Introducing SDK 0.6 Notebook Development
Tecton 0.6 is now released! It comes packed with major new capabilities designed to dramatically speed up the feature development process, help build better features, and integrate streaming data easier than ever before!
For a full list of updates and instructions on upgrading, refer to the Tecton 0.6 Release Notes. The release includes the following key features:
- Notebook-Driven Development: Tecton 0.6 introduces a notebook-centric workflow to develop production-ready ML features iteratively directly in a notebook. This new workflow bridges development and production environments in a completely novel way. Previously, Tecton feature pipelines could only be tested with Tecton after deploying them with Tecton’s CLI. Now Data Scientists, Data Engineers, and ML Engineers can leverage Tecton’s entire feature engineering framework in their core modeling workflow without leaving their notebooks. When it comes time to productionize, the tested feature definitions can be copied into a repo and pushed to production in a single step. This unique approach offers speed and flexibility in feature development while preserving the productionization best practices of a GitOps workflow like “features-as-code”, version control, and CI/CD.
from tecton import Entity, BatchSource, FileConfig, batch_feature_view, FilteredSource
from datetime import datetime, timedelta
# Fetch the workspace
ws = tecton.get_workspace("prod")
# Fetch objects from the workspace
user = ws.get_entity("user")
user_sign_ups = ws.get_data_source("user_sign_ups")
# Use those objects as dependencies and define objects in a notebook
@batch_feature_view(
sources=[FilteredSource(user_sign_ups)],
entities=[user],
mode="spark_sql",
batch_schedule=timedelta(days=1),
ttl=timedelta(days=3650),
)
def user_credit_card_issuer(user_sign_ups):
return f"""
SELECT
user_id,
signup_timestamp,
CASE SUBSTRING(CAST(cc_num AS STRING), 0, 1)
WHEN '3' THEN 'AmEx'
WHEN '4' THEN 'Visa'
WHEN '5' THEN 'MasterCard'
WHEN '6' THEN 'Discover'
ELSE 'other'
END as credit_card_issuer
FROM
{user_sign_ups}
"""
# Validate objects interactively
user_credit_card_issuer.validate()
- New Aggregations: Tecton’s feature engineering framework makes it easy to express and efficiently compute time-windowed aggregation features in batch and streaming pipelines, down to single-digit second freshness.
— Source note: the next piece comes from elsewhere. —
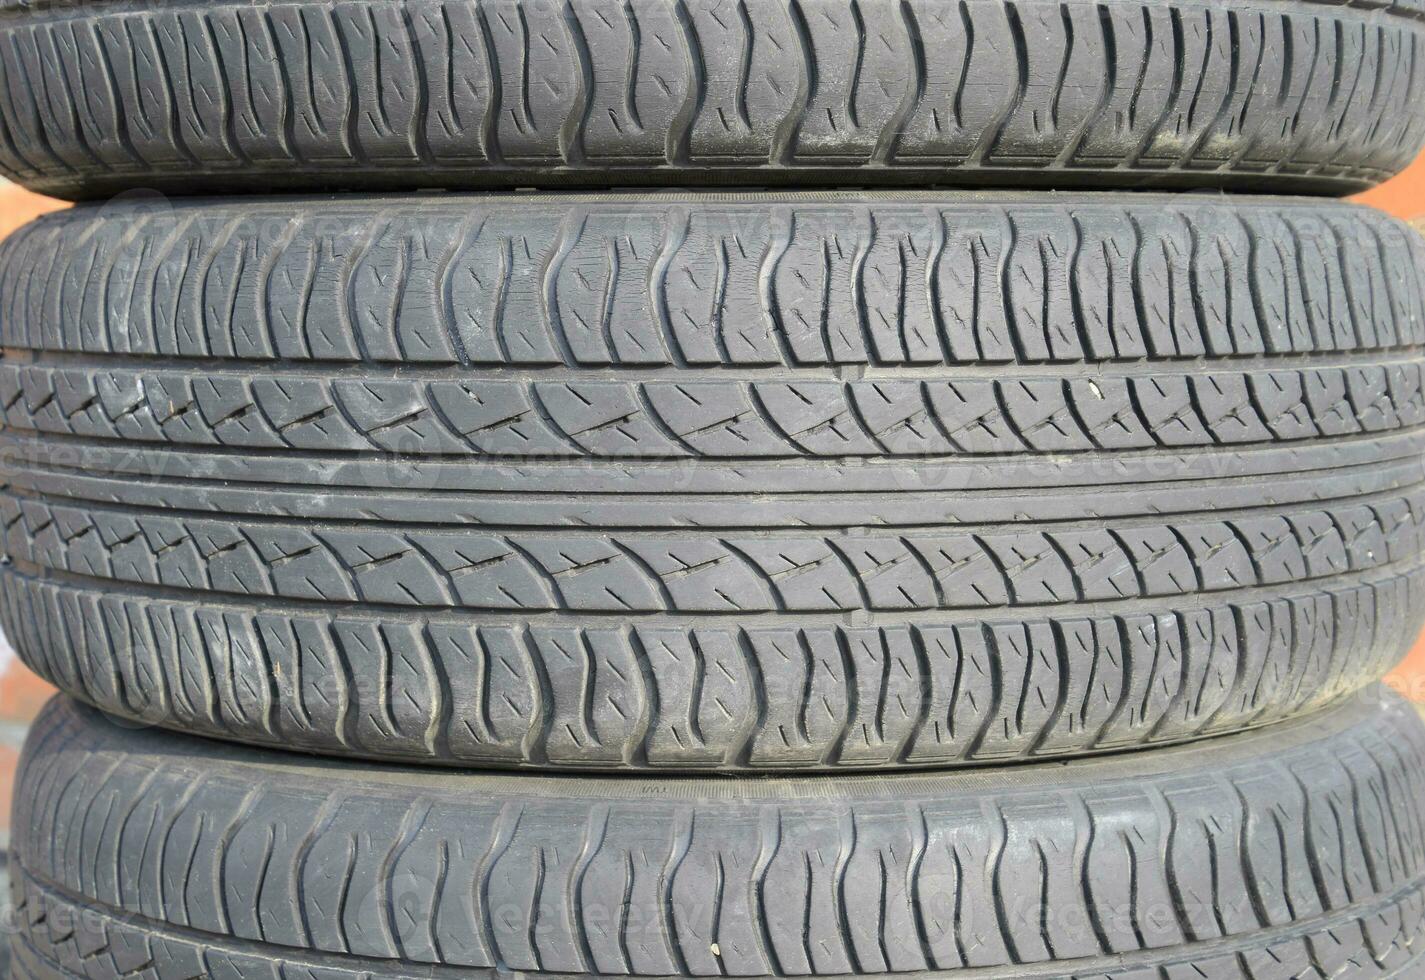 The background of the tread pattern of the car wheel. Rubber tir photo

Tecton 0.6 adds First-N, First-N Distinct, and Last-N to a robust set of built-in aggregations, including Count, Min, Max, Mean, Sum, StdDev, Variance, and Last-N Distinct. The time window aggregations are guaranteed to be consistent across the offline and online environments.
- Stream Ingest API (Private Preview): Tecton’s new Stream Ingest API in 0.6 makes publishing real-time data to the Feature Store from any stream or micro-service easy – you can do it via a simple HTTP API call! Tecton makes ingested data available both for online serving and for offline training data generation. Tecton’s Stream Ingest API is fully serverless, and offers sub-100ms ingestion latencies into the online store. The API is fully compatible with Tecton’s aggregations framework – this means that Tecton can even calculate aggregations on top of ingested real-time data.
- Faster data ingestion for Stream Feature Views: Fresh feature data can meaningfully increase the accuracy of real-time machine learning applications. Tecton 0.6 extends continuous processing mode to all Streaming Feature Views, delivering single-digit second freshness for all streaming features.
- Query Debugging Tools: Tecton 0.6 brings new explainability and debugging capabilities to the feature development process. For any query via Tecton’s SDK, users can print a query tree using .explain() and step through it to inspect data and diagnose slow queries or queries that return unexpected data.
- Tecton Access Control and Service Account CLI Commands: The new tecton access-control and tecton service-account commands provide new options for managing Tecton Access Controls through the CLI. You can now view, assign, and remove roles directly from your terminal. This can be particularly powerful if combined with CI/CD pipelines.
- Additional compatibility in Tecton 0.6: This release is also compatible with Databricks Runtime 10.4 LTS (including support for Spark 3.2.1 and Amazon EMR release 6.7.0 which offers additional resources and reading for this release.
With these new capabilities in Tecton 0.6, companies can now approach feature engineering even more efficiently, making it easier to work with the best data source for a given use case, from fraud detection to dynamic pricing, to whichever challenge your team is looking to tackle next.